A one-row tibble. When bootstrap = FALSE, columns are S and OS. When bootstrap = TRUE, columns are meanS, varS, meanOS, varOS.


Leadership Trait Analysis (LTA)

Description

Runs all eight LTA trait functions at once and returns a single combined tibble. The eight traits are: power, affiliation, distrust, conceptual complexity, task orientation, self-confidence, nationalism, and control.

Usage

get_lta(own_entity, text, bootstrap = FALSE, B = 1000)

Arguments

own_entity

A character string identifying the speaker's country or entity (e.g., "United States").

text

A character string containing the speech text to analyse.

bootstrap

Logical.
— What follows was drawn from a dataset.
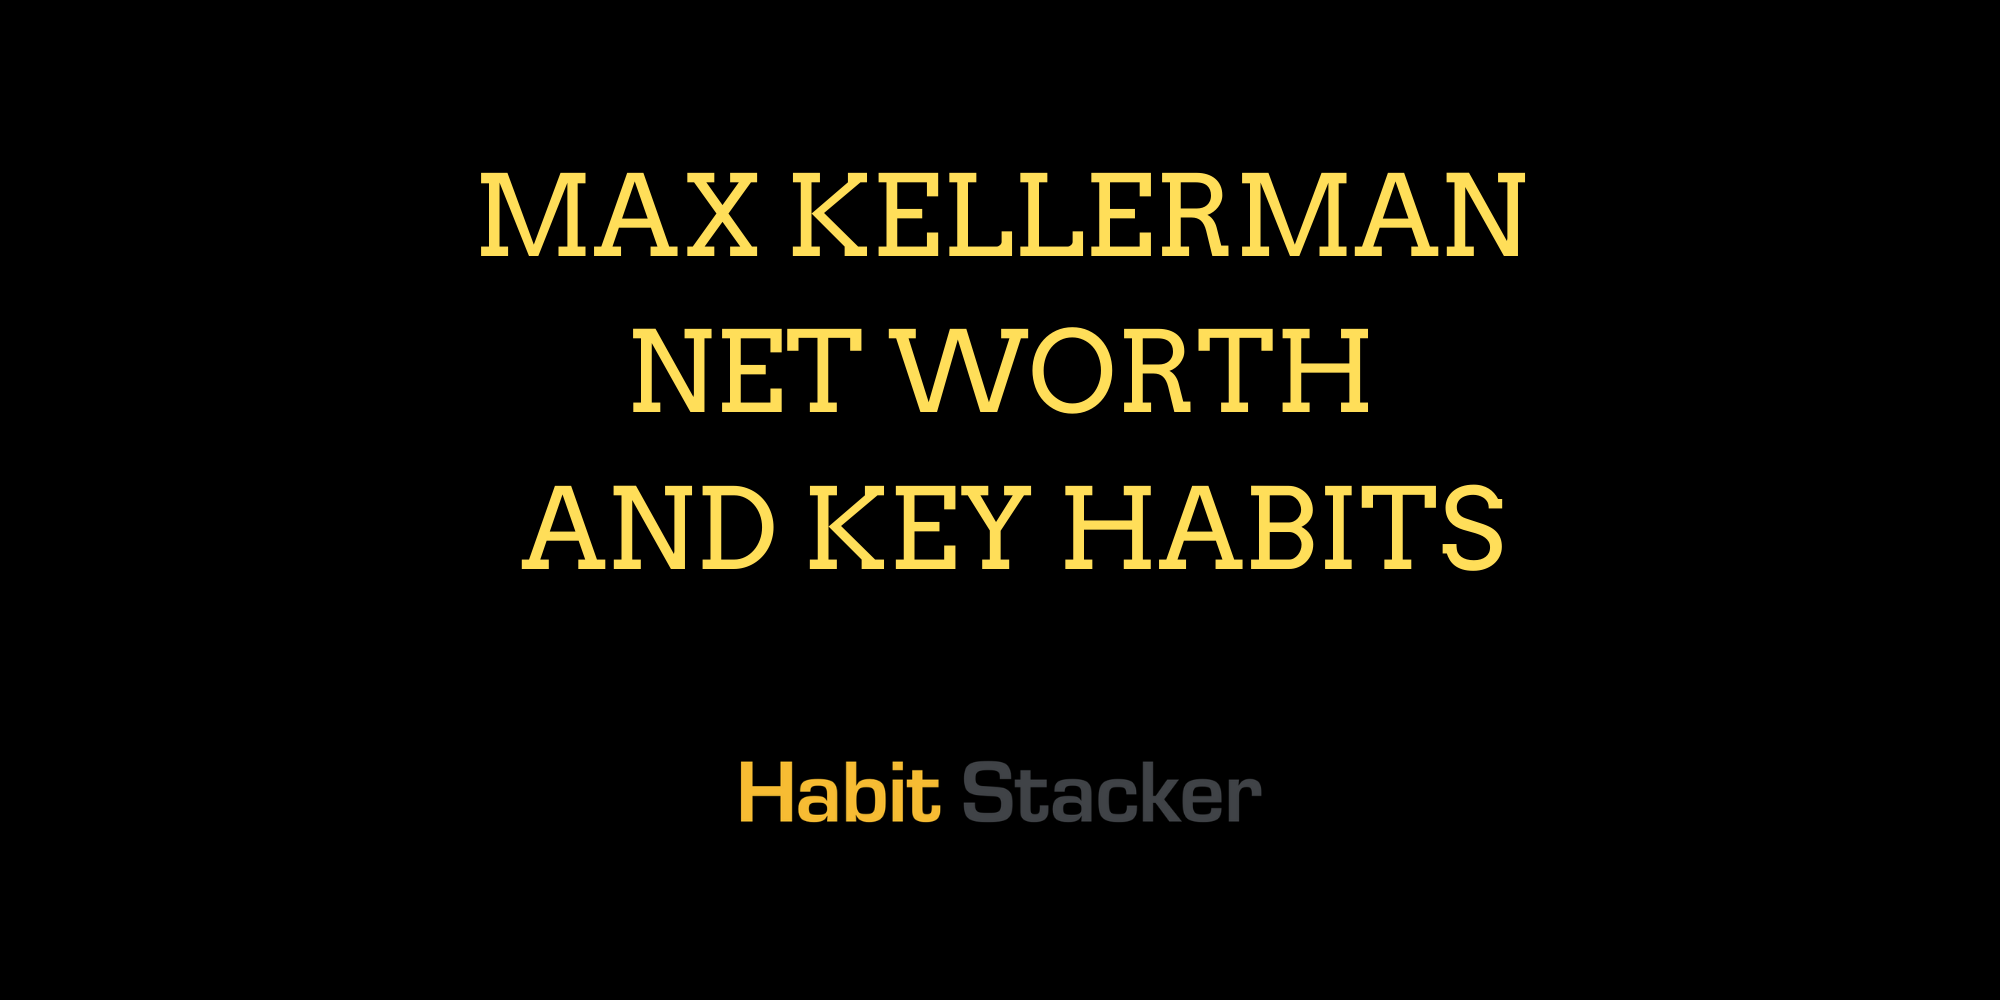 Max Kellerman Net Worth And Key Habits

If TRUE, returns bootstrap means and variances instead of raw counts. Default is FALSE.

B

Number of bootstrap iterations. Default is 1000.

Value

A one-row tibble::tibble.

When bootstrap = FALSE, columns include raw counts (P, OP, A, OA, S, OS, HC, LC, TI, IP, SC, OSC, N, ON, IC, OC) plus trait proportions (Pp, D, C, Ta, Ss, Na, B).
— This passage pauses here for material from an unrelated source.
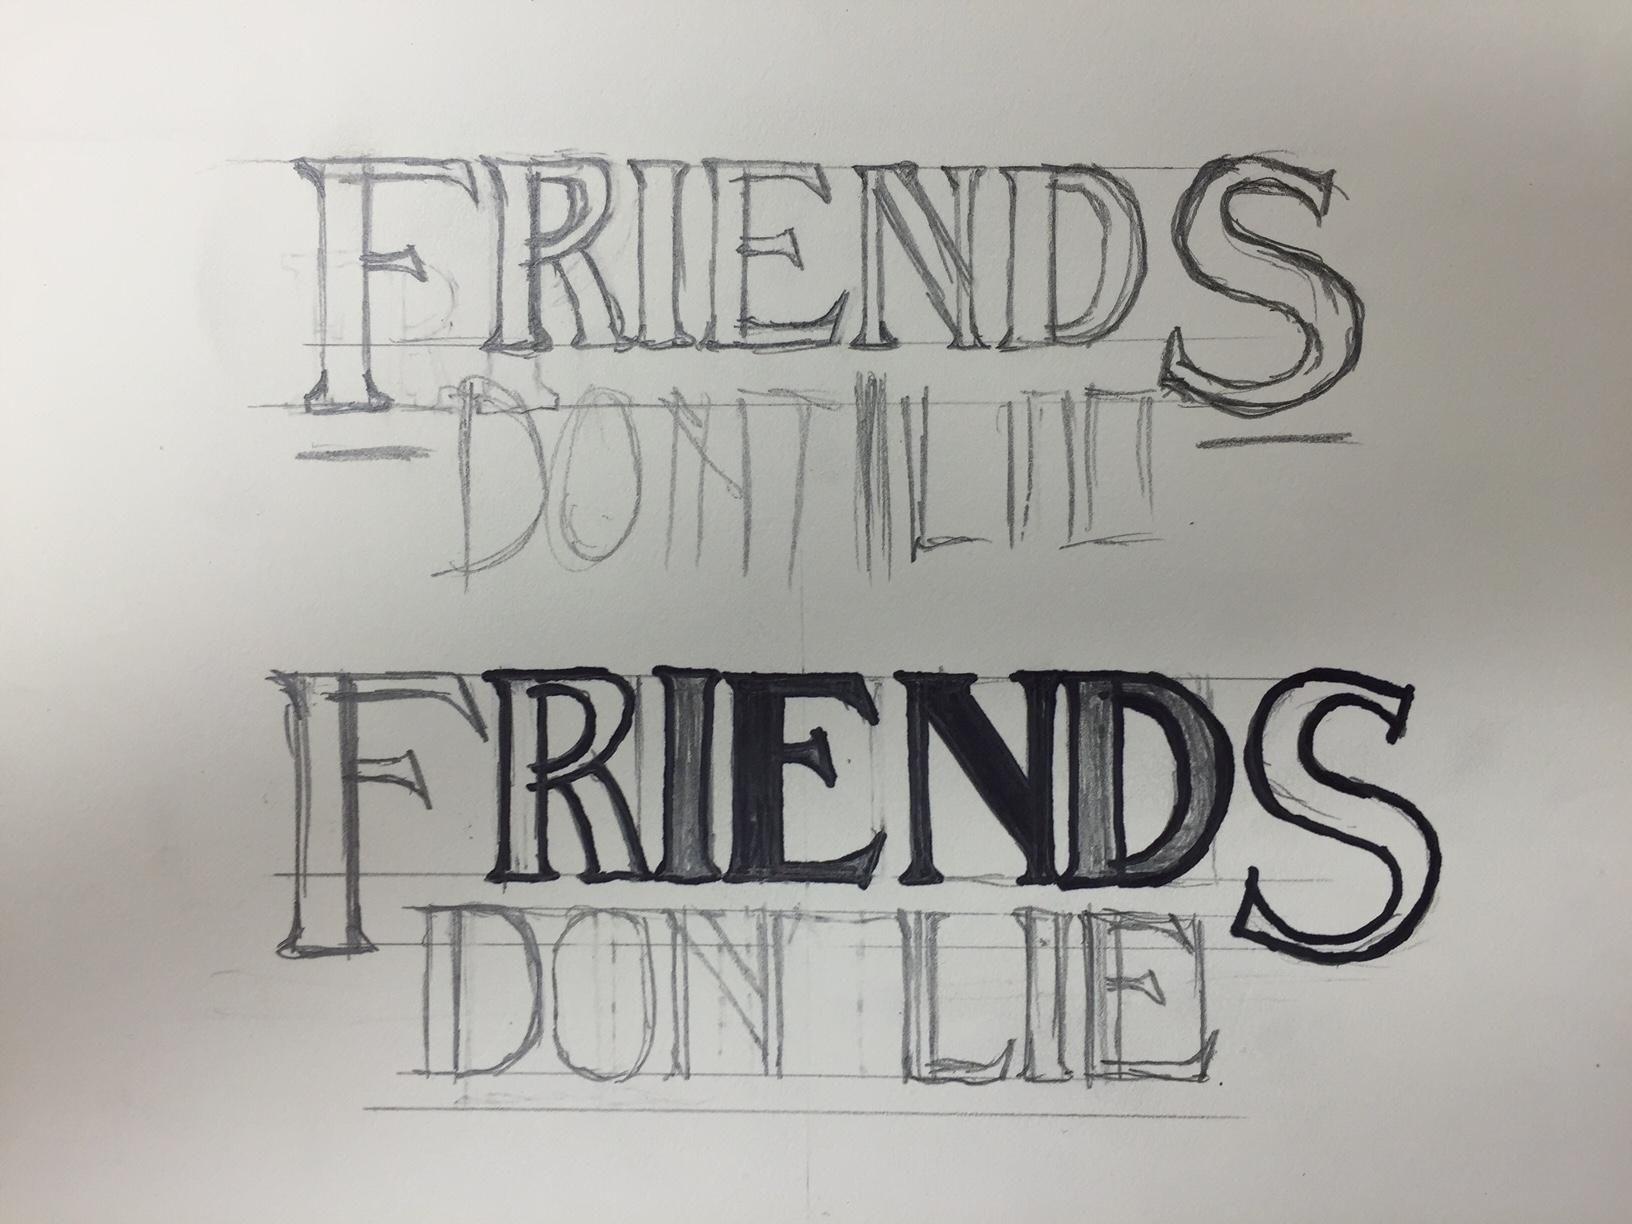 Friends Dont Lie Wallpapers  Top Free Friends Dont Lie Backgrounds   WallpaperAccess

When bootstrap = TRUE, columns include bootstrap means and variances for the raw counts (meanP, varP, meanOP, varOP, ...) plus trait proportions and their delta-method variances (Pp, varPp, D, varD, C, varC, Ta, varTa, Ss, varSs, Na, varNa, B, varB).

Examples


# Requires spaCy to be installed; see spacyr::spacy_install().
spacyr::spacy_initialize()
get_lta(own_entity = "United States", text = "We will defend our nation.")
get_lta(own_entity = "United States", text = "We will defend our nation.",
        bootstrap = TRUE, B = 500)


Compute nationalism scores

Description

Classifies entity references in the text as nationalistic (N) or other-nationalistic (ON) based on own/other entity detection and contextual modifiers at the referent level.

Usage

get_nat(own_entity, text, bootstrap = FALSE, B = 1000)

Arguments

own_entity

A character vector of entity names representing the speaker's own country or group.

text

A character string containing the speech text to analyse.

bootstrap

Logical; if TRUE, return bootstrapped mean and variance estimates. Default is FALSE.

B

Integer; number of bootstrap replicates. Default is 1000.

Value

A one-row tibble. When bootstrap = FALSE, columns are N and ON. When bootstrap = TRUE, columns are meanN, meanON, varN, varON.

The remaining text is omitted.